[Exercise instructions]
An exact, complete printout of the listing is wanted, minus its images.

[Stored data]
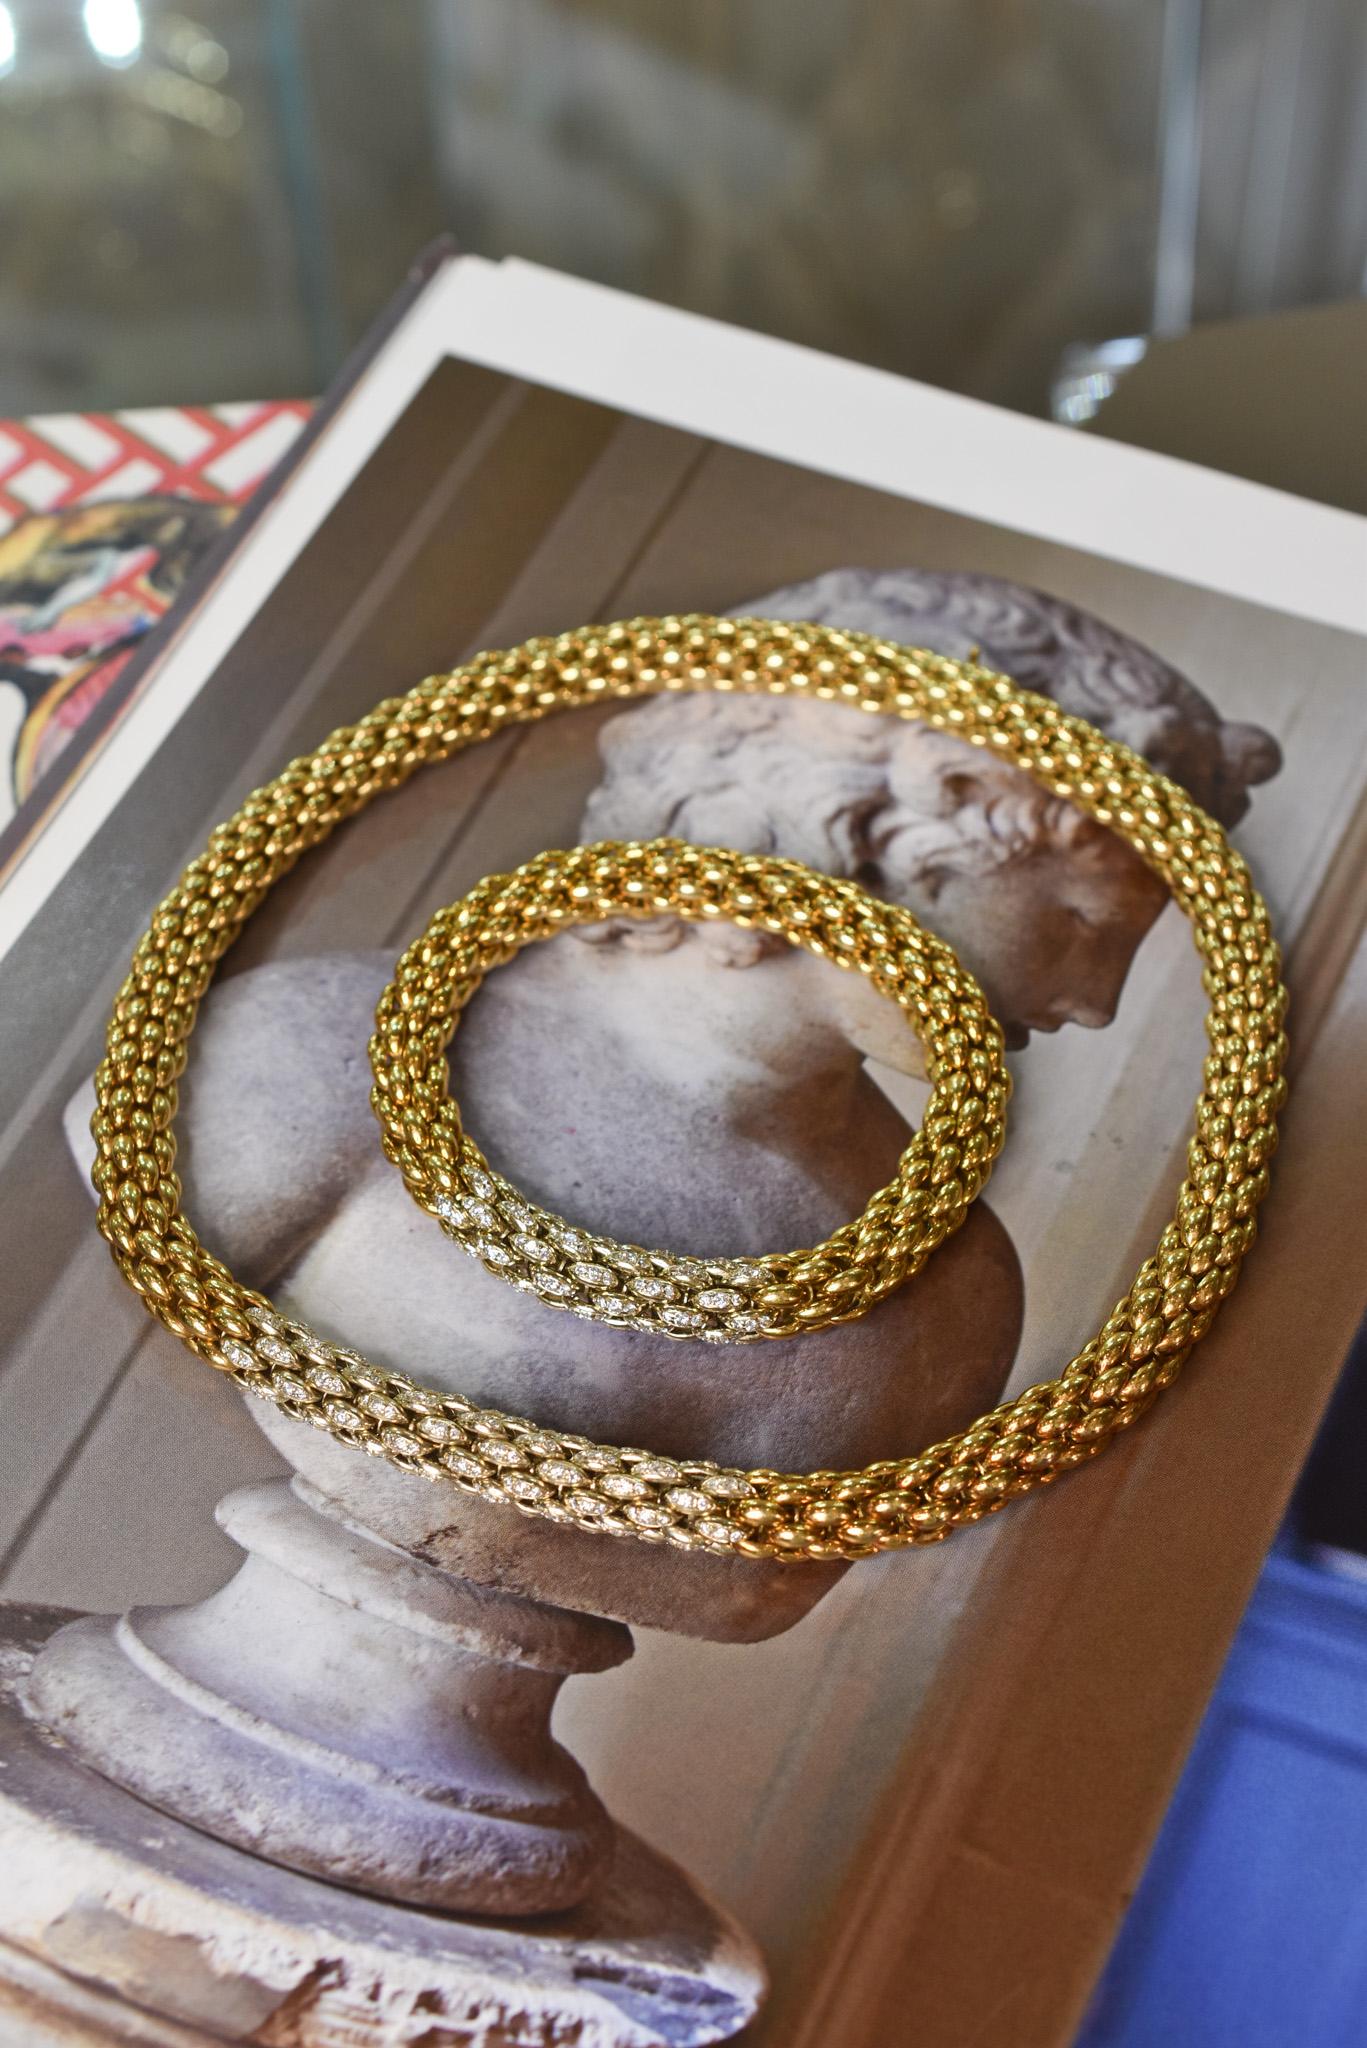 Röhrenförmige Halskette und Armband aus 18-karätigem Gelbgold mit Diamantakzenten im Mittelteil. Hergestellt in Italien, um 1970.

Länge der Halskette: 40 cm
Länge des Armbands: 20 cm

[Answer section]
 Röhrenförmige Halskette und Armband aus 18-karätigem Gelbgold mit Diamantakzenten im Mittelteil. Hergestellt in Italien, um 1970.

Länge der Halskette: 40 cm
Länge des Armbands: 20 cm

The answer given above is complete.